April 6, 2005
This article was contributed by Mark Wielaard
GCJ (the GNU Compiler for the java programming language) is part of GCC
(the GNU Compiler Collection) and provides a compiler, runtime
environment, core libraries and tools for the Java language - it's an
object oriented, strongly
typed, garbage collected programming framework with a rich core
library. GCJ is modeled after, and is a free replacement for, the
proprietary Java platform. But like GNU is Not Unix, GCJ is not Java.
The traditional Java platform is clearly not an ideal system,
especially when combined with the traditional GNU system, but it is
not too bad. The essential features seem to be good ones. Lots of
Free Software is already written in the Java programming language so a
free system compatible with the Java platform would be convenient for
many hackers. GCJ is an extension of GCC and facilitates integration
with other languages supported by GCC. GCJ 4, part of GCC 4.0, adds
more features to easily integrate programs written using the GCJ
development environment with the rest of the GNU platform while being
even more compatible with the traditional Java platforms then previous
releases. GCC 4.0 is scheduled to be released around April 15.
GCJ design history
Originally GCJ was designed as a “radically
traditional” compiler for the Java programming language. It is an
AOT (Ahead Of Time) compiler which automatically uses every GCC
optimization available during compile time for a given architecture
and produces binaries or (shared) libraries for the given platform.
These programs run at full native speed without needing any
interpreter or JIT (Just In Time) compilation. GCC is available for a
large number of architectures and platforms so compiling directly to
native code using the GCC back-ends makes programs written with GCJ
much more portable then the traditional (proprietary) Java platform.
This radically traditional approach makes all normal GNU tools like
GDB available to the programmer writing code in the Java programming
language just like when programming in any other language supported by
GCC.
Thereafter,
support for generating and interpreting byte code .class and
.jar files was added. This made GCJ more compatible with
traditional applications written in the Java programming language
that are compiled to byte code. GCJ can be used in various modes:
- Compile and link .java source files to binaries,
.o or .so files.
- Compile and link .class or .jar byte code files
to binary.
- Compile .java source files to .class byte code
files (
gcj -C).
- Interpret .class or .jar byte code files during
runtime (
gij).
The byte code interpreter is included as part of the standard runtime
libgcj and can be used by programs to switch between
interpreting byte code and executing natively compiled code on demand.
So not all of the program has to be completely interpreted or
completely compiled ahead of time at the same time.

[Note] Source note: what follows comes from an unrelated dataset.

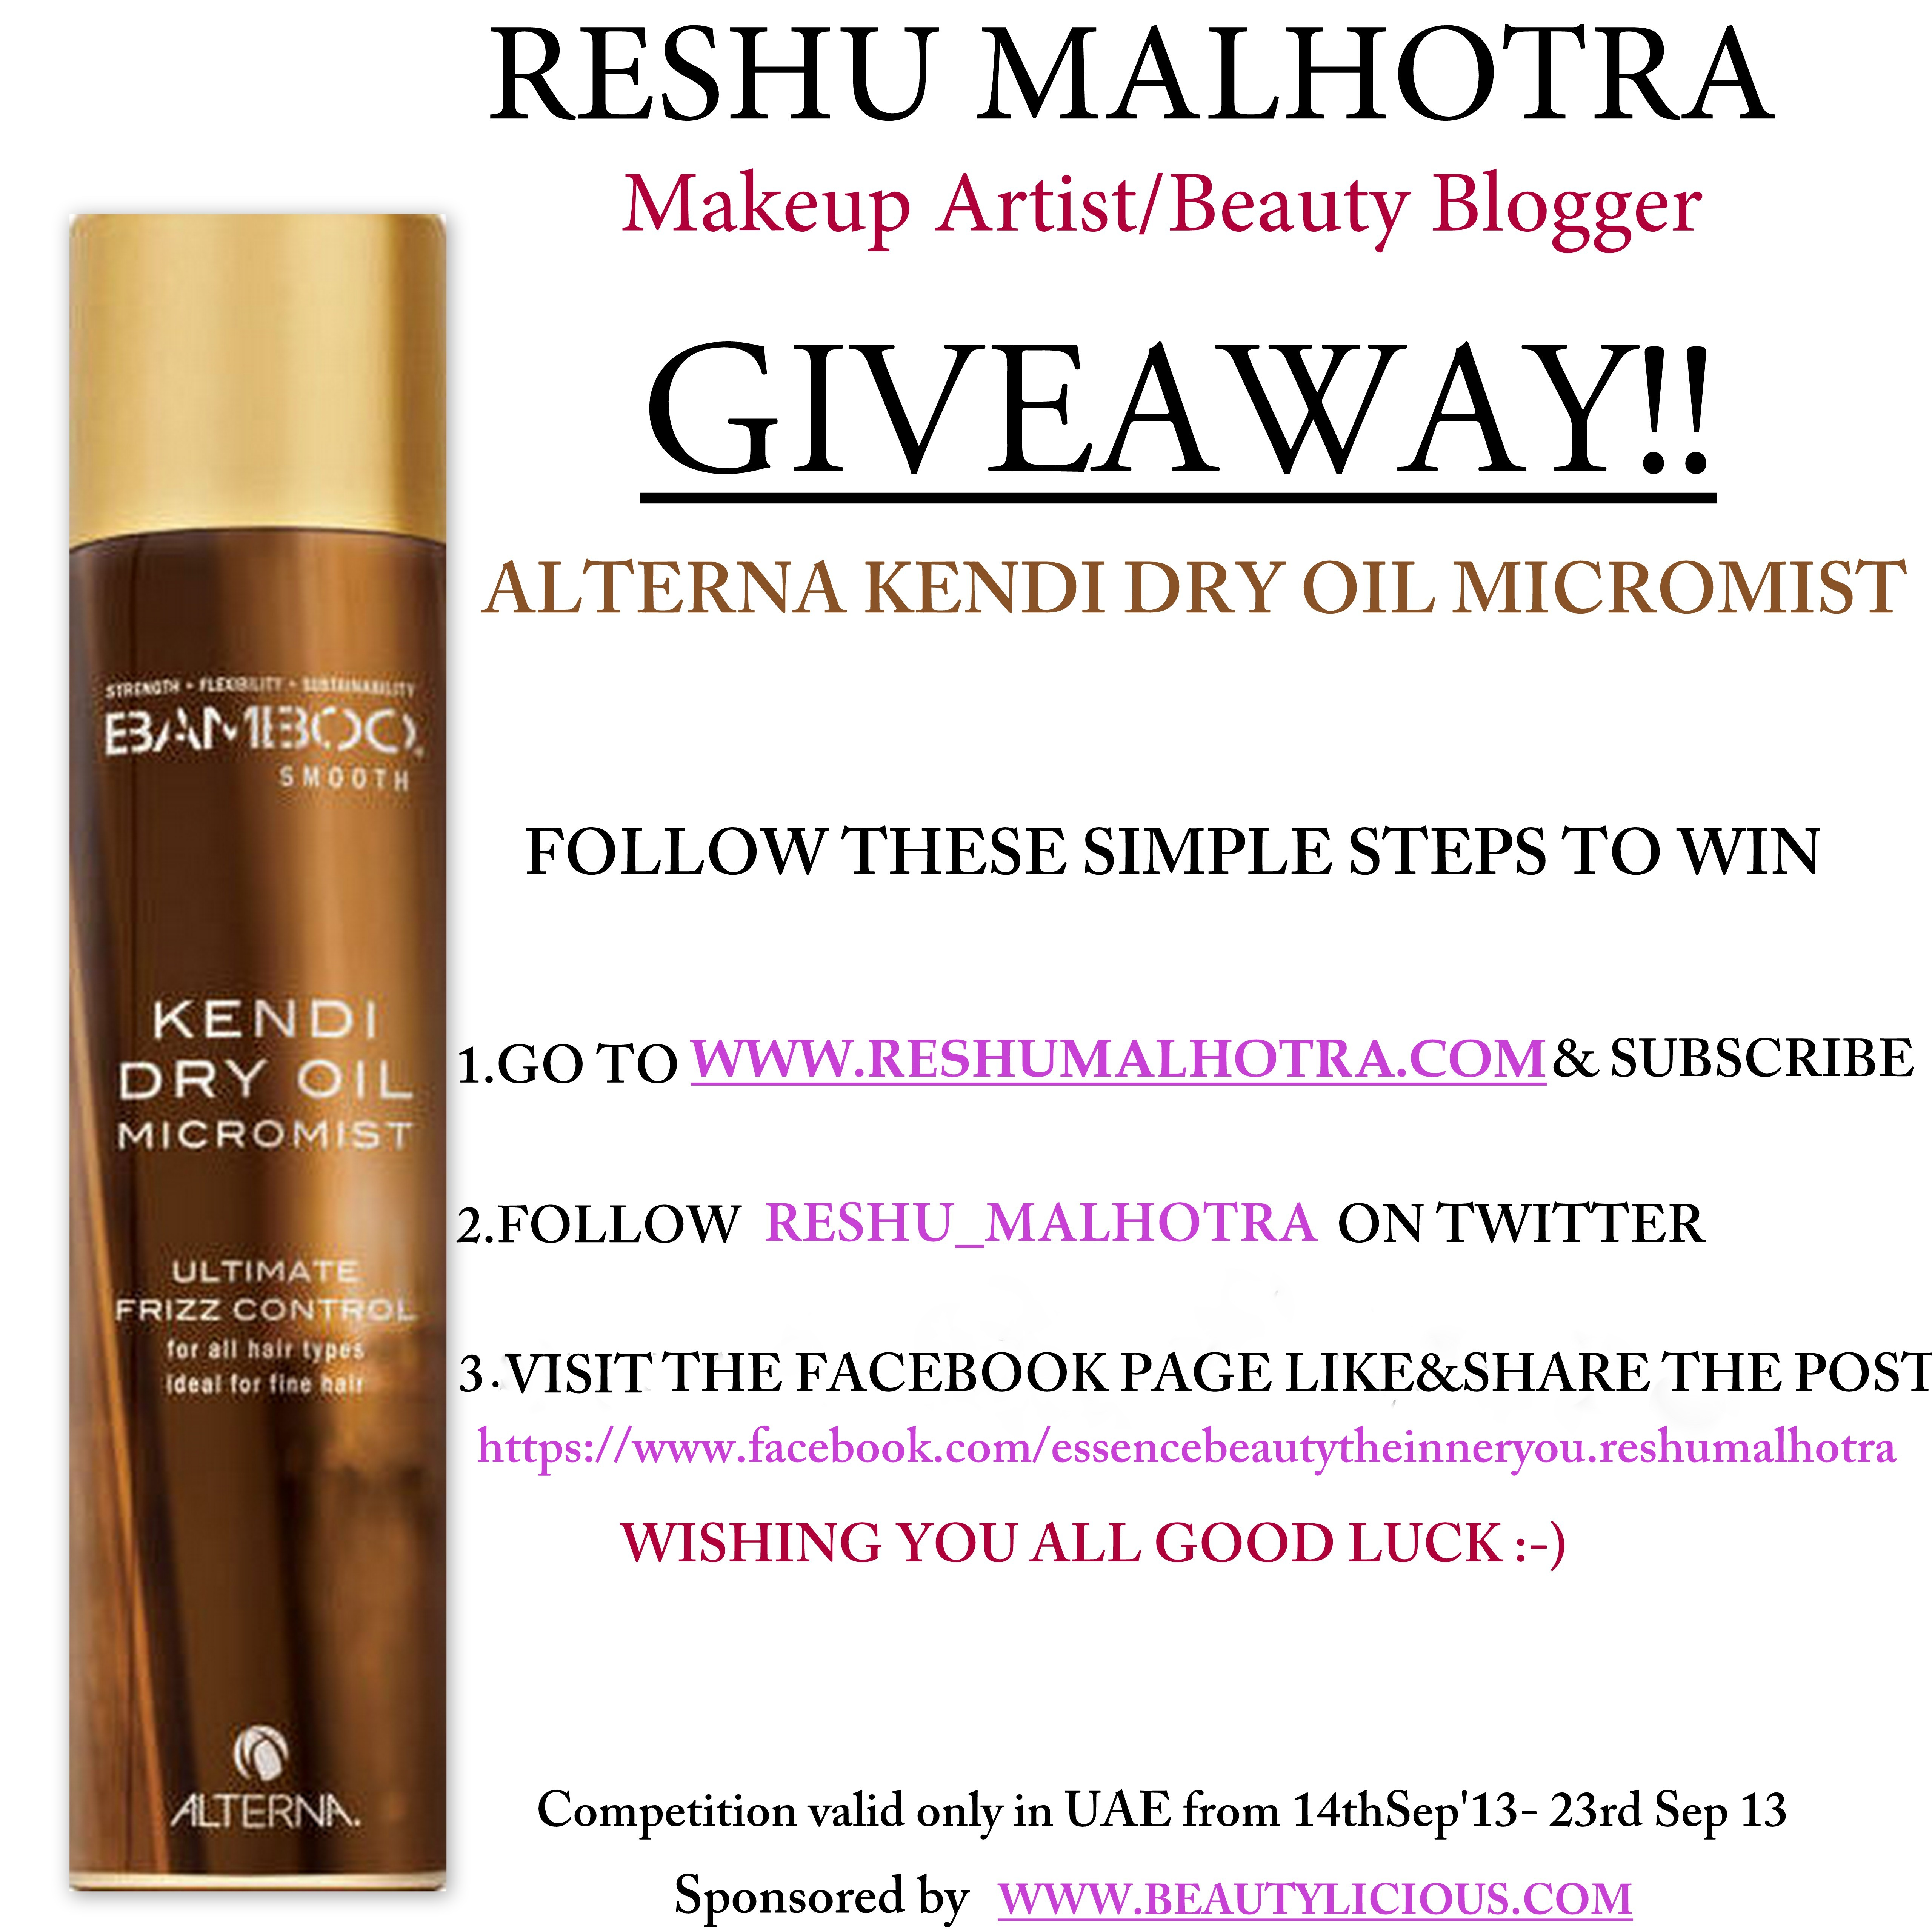 Giveaway/Blog/Reshu Malhotra/Dubai/uae
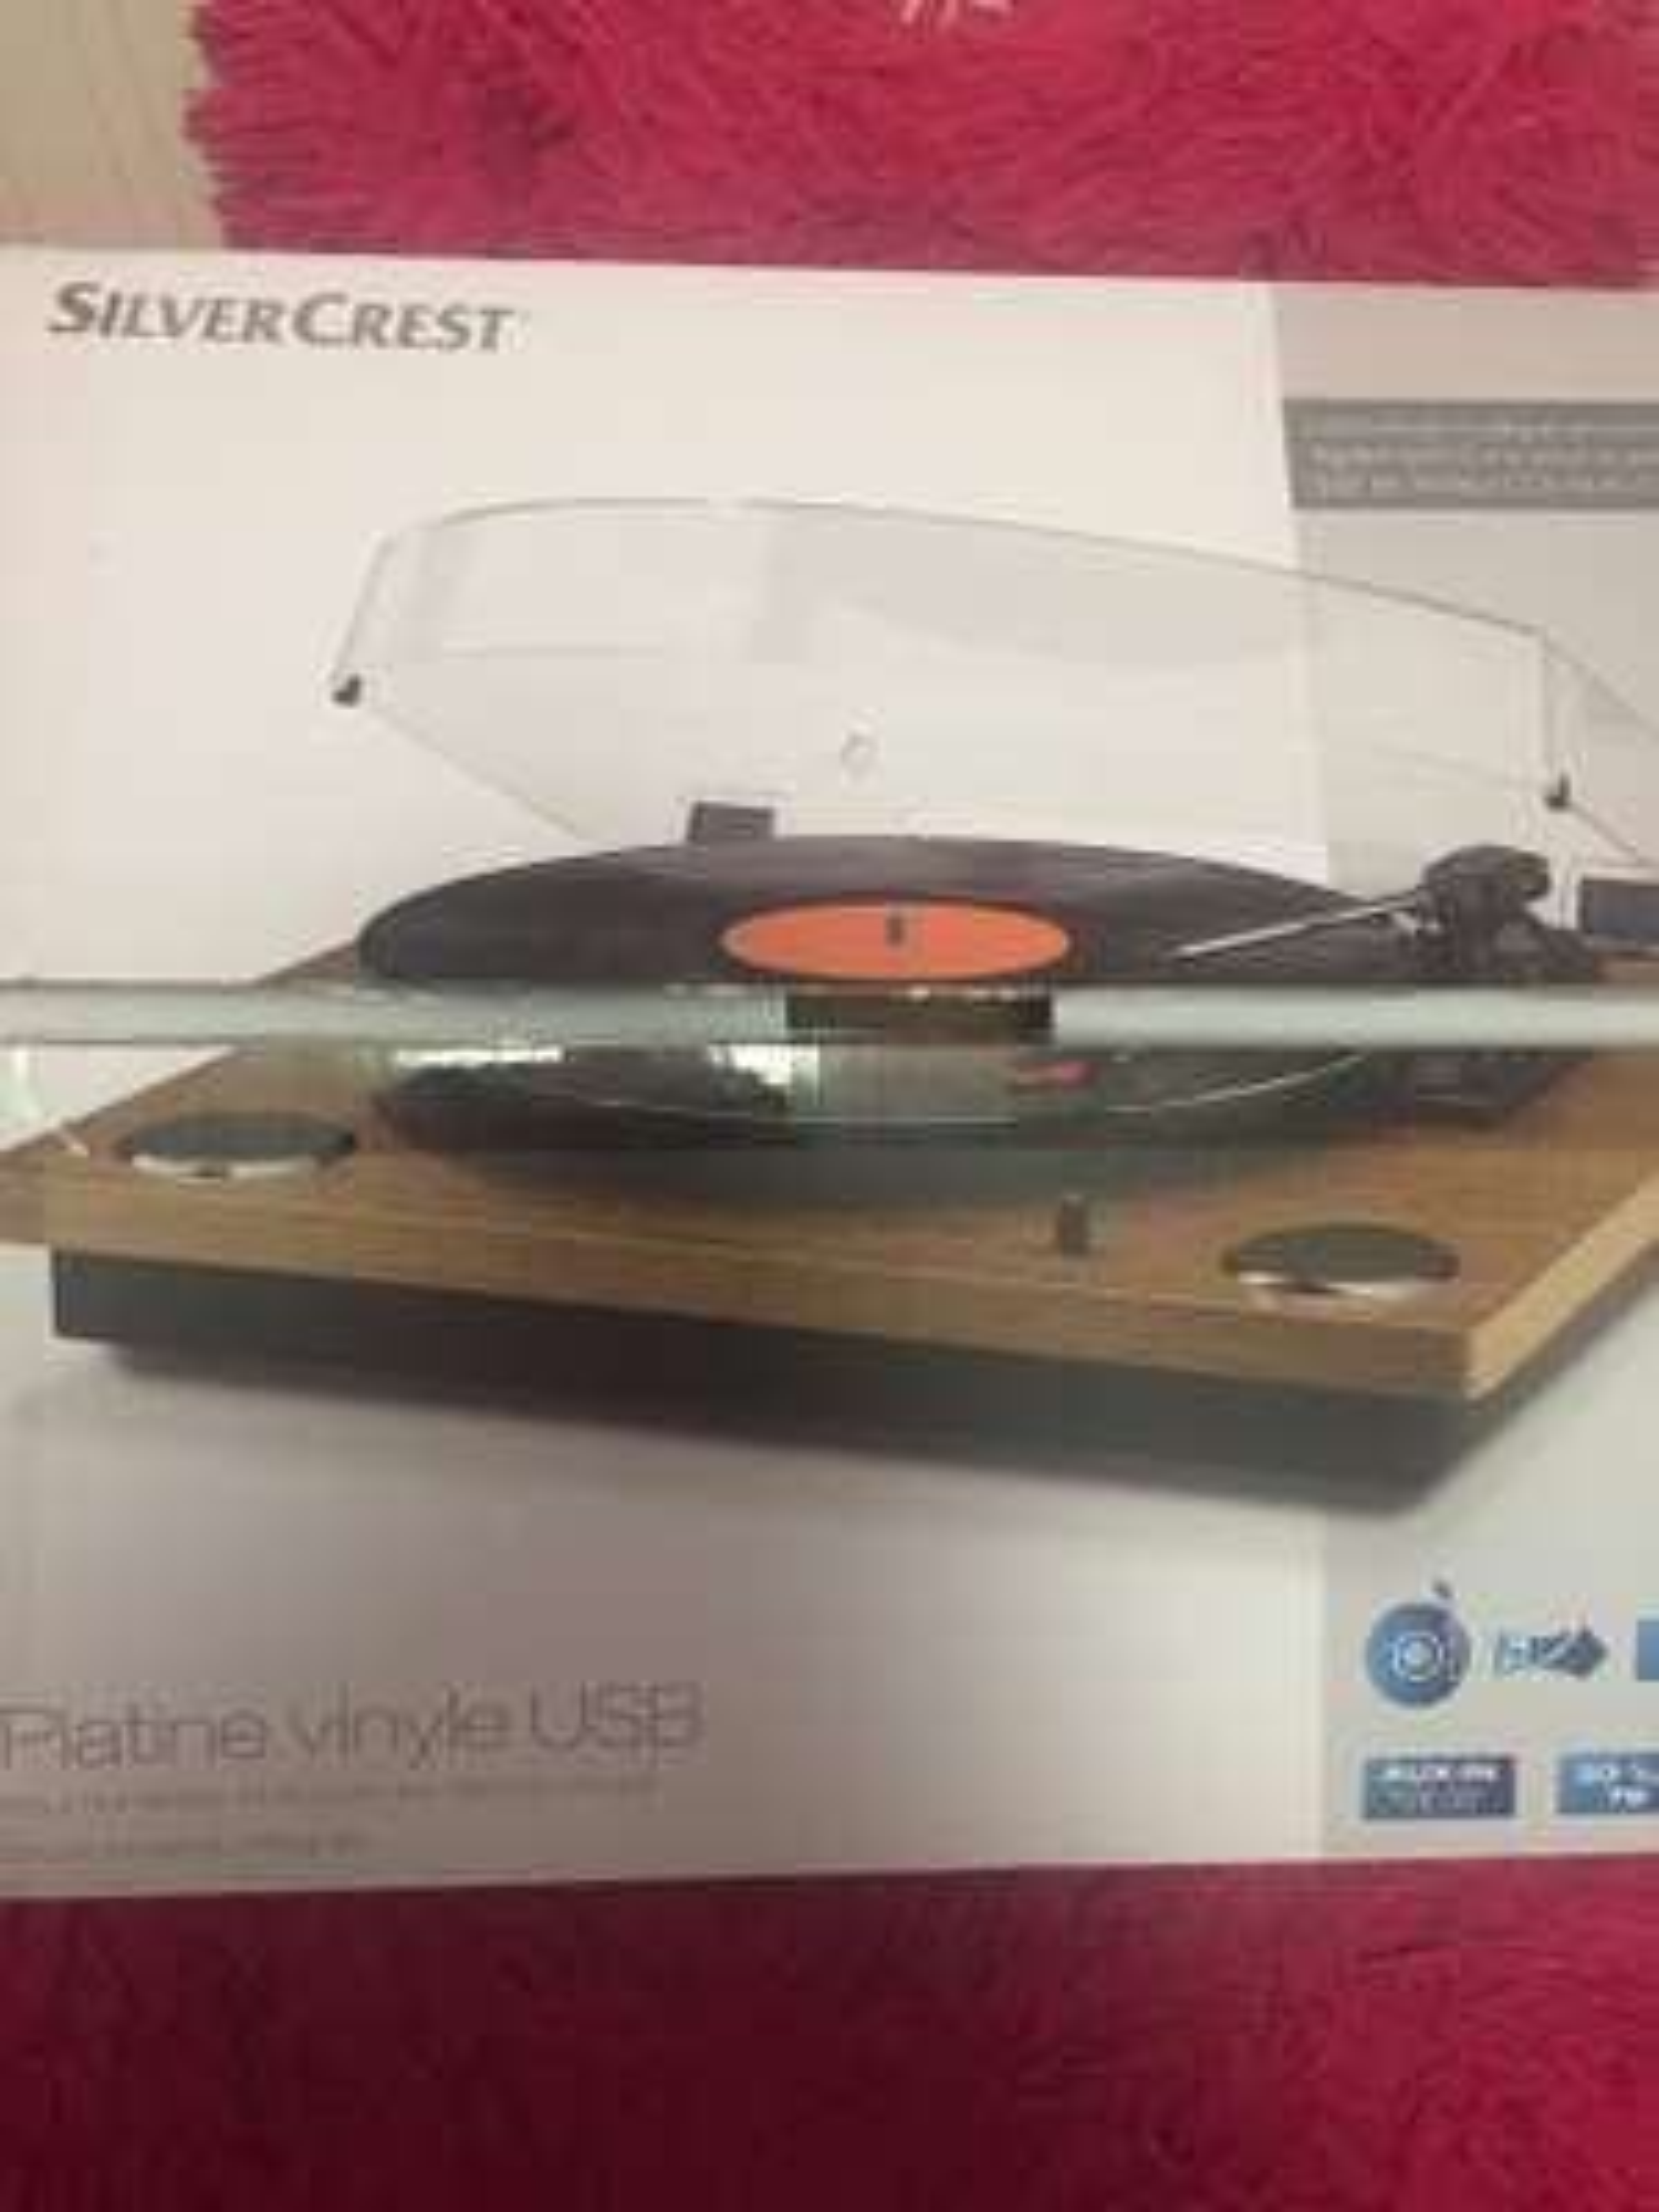 Platine Vinyle usb Silvercrest - Lidl st martin d'heres (38)

To facilitate integration with code written in other languages, GCJ
defines the CNI
(Compiled Native Interface). CNI makes it easy to mix and match
code and classes written in C, C++ and Java by allowing you to write
some methods of a class in C++ and to catch and throw exceptions
directly to and from parts of the program written in different
languages. GCJ also support the more traditional JNI (Java Native
Interface) for using code written in C from your programs.
Anthony Green posted the
original design
document for GCJ from 1998.
Drawbacks of the GCJ 3.x approach
GCJ 3.x provides a good “better than Java” development
environment that allows tight integration with the rest of the GNU
platform. But it has disappointed some traditional Java programmers.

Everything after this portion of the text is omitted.